Work to complete:
All of the data that follows should be given again exactly, without its images.

Collected data:
== Segment start ==
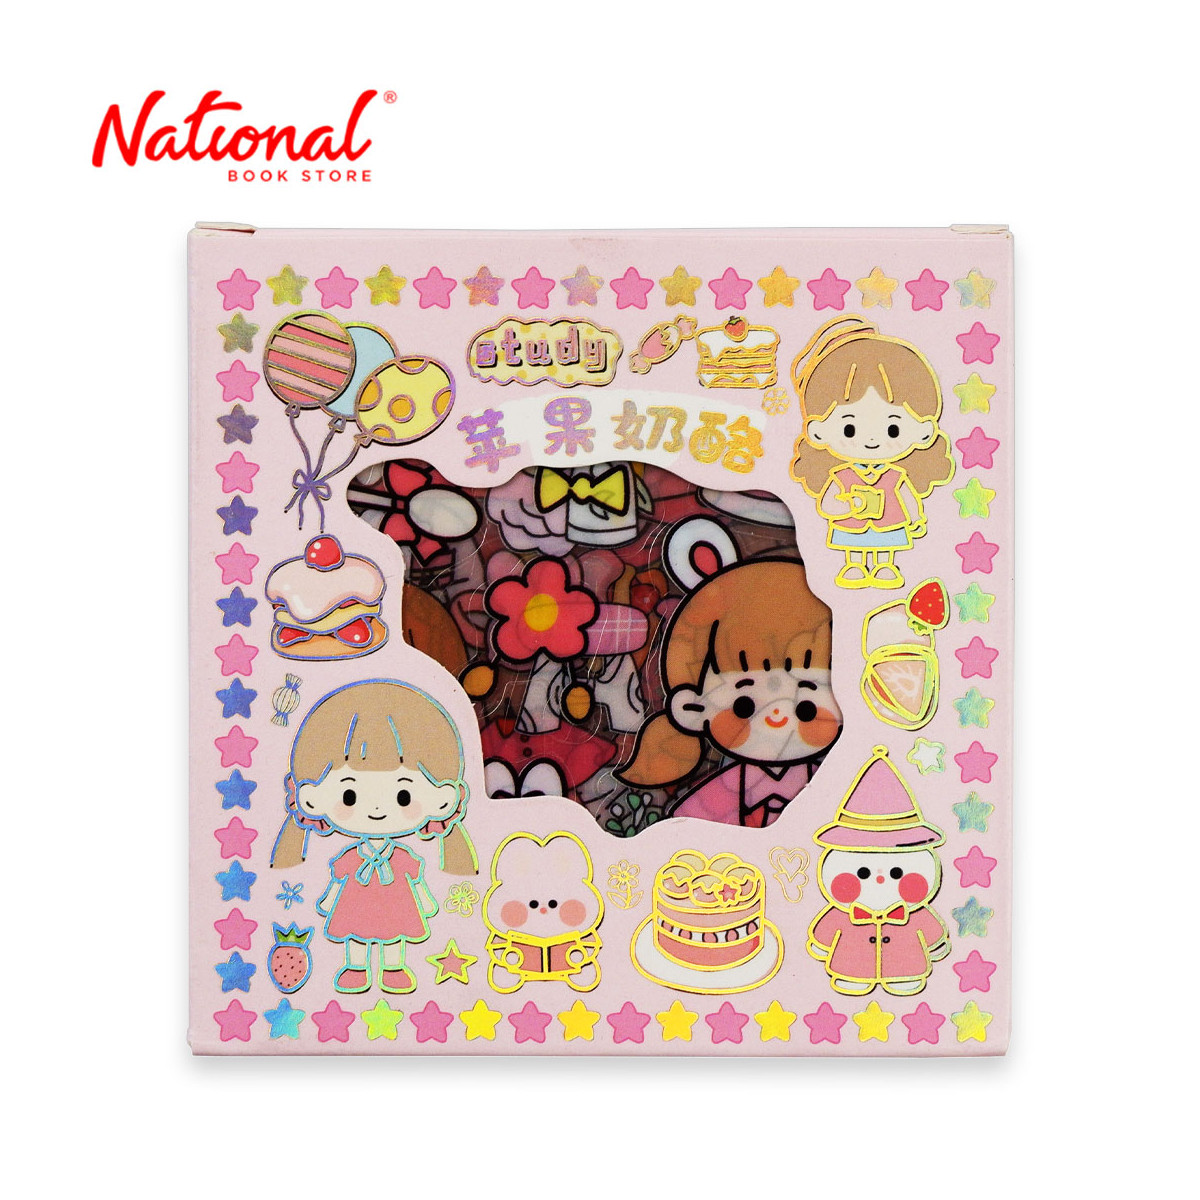 Kawaii Sticker Pack No. 8 -100s - Stationery Items - DIY Arts & Crafts
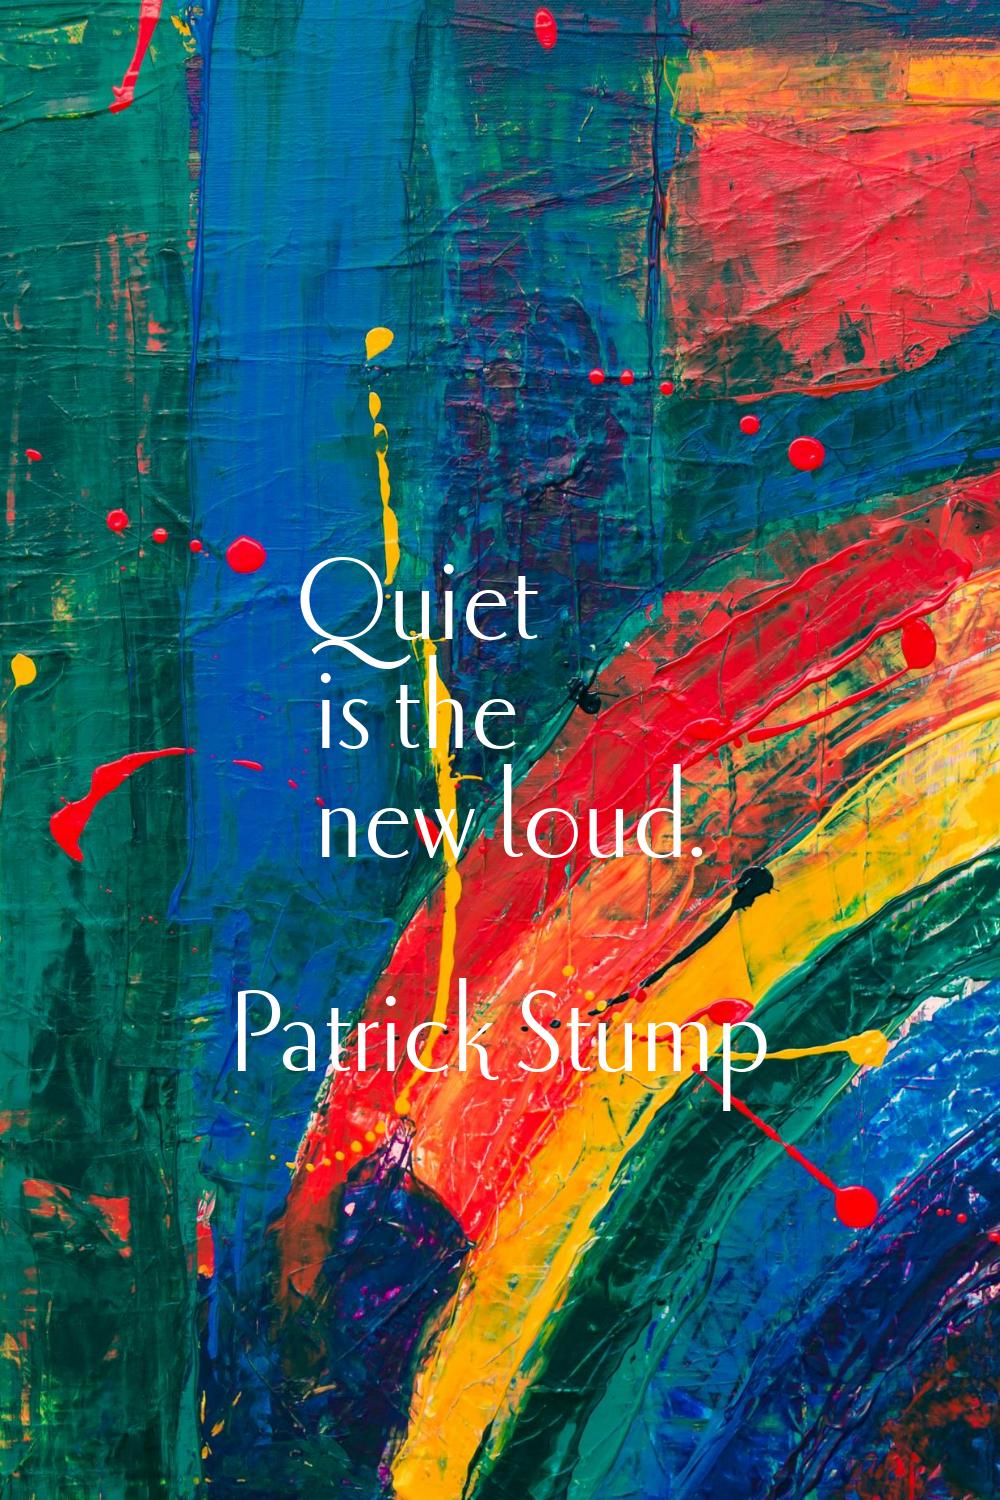 Quiet is the new loud.
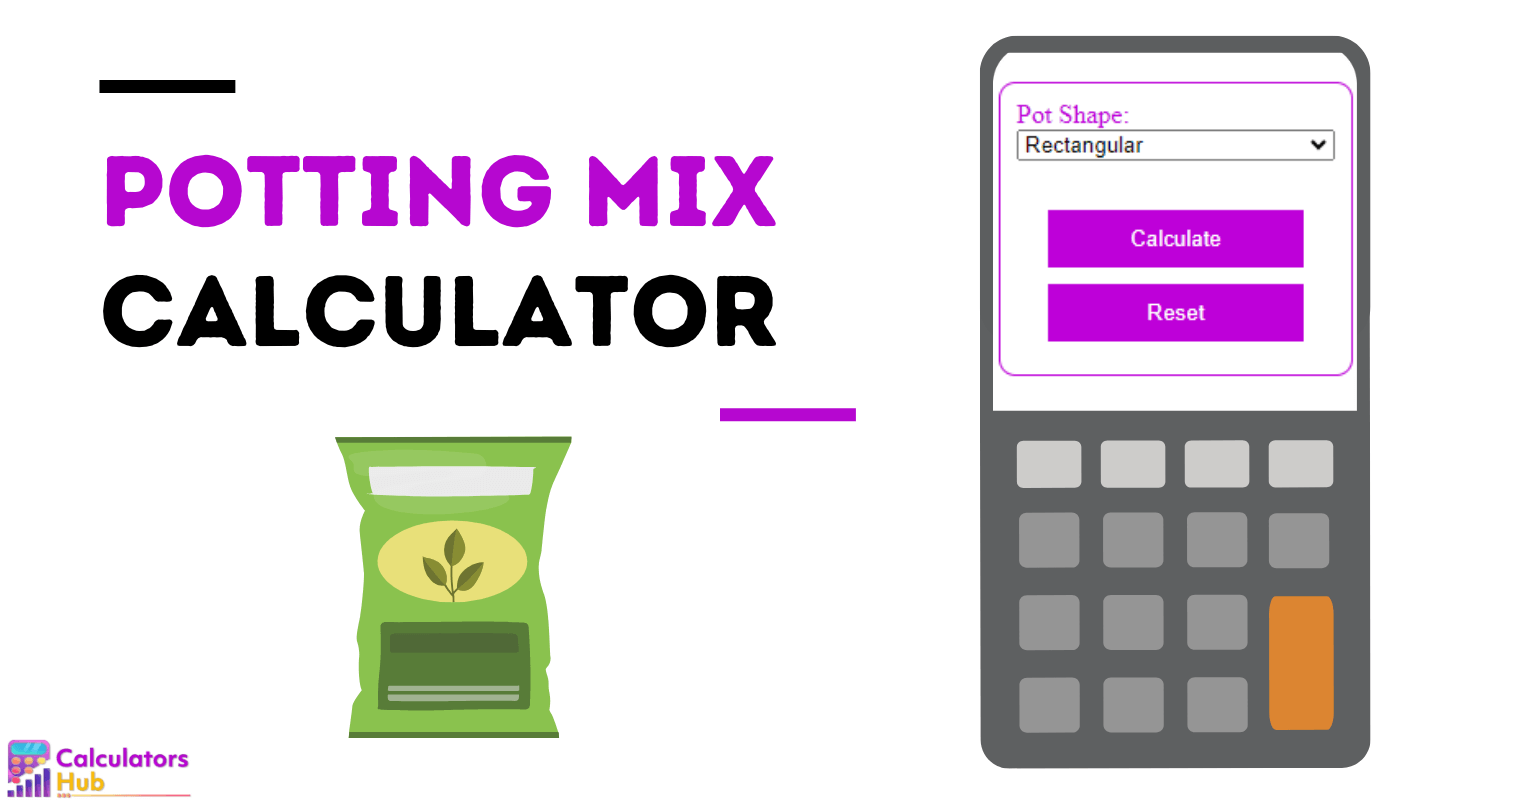 Potting Mix Calculator
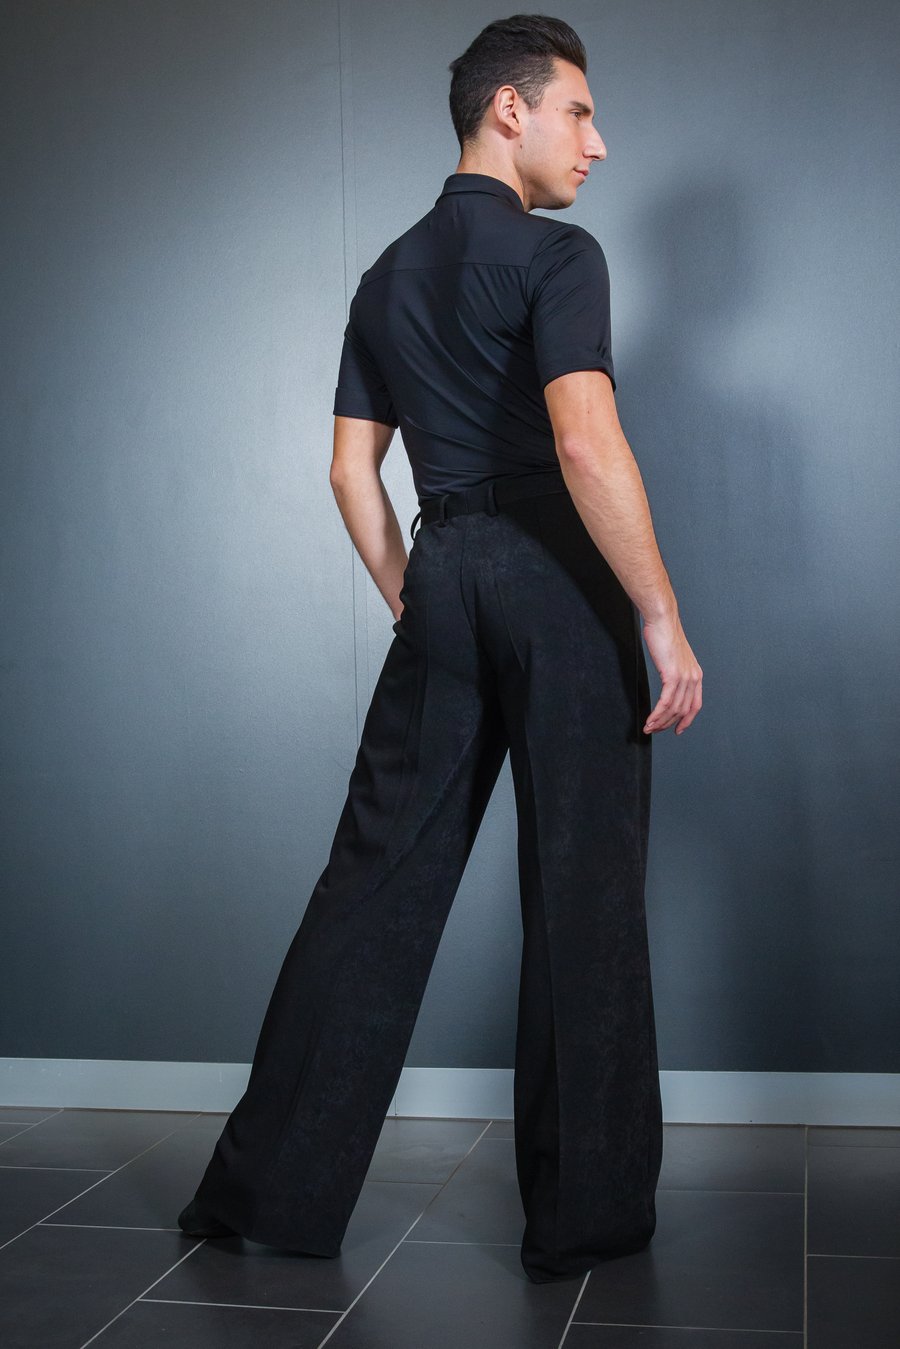 Image of B9435 Men's Tailor Dance Pants Dancewear latin ballroom
== Segment end ==
Answer to this problem:
 Kawaii Sticker Pack No. 8 -100s - Stationery Items - DIY Arts & Crafts
 Quiet is the new loud.
 Potting Mix Calculator
 Image of B9435 Men's Tailor Dance Pants Dancewear latin ballroom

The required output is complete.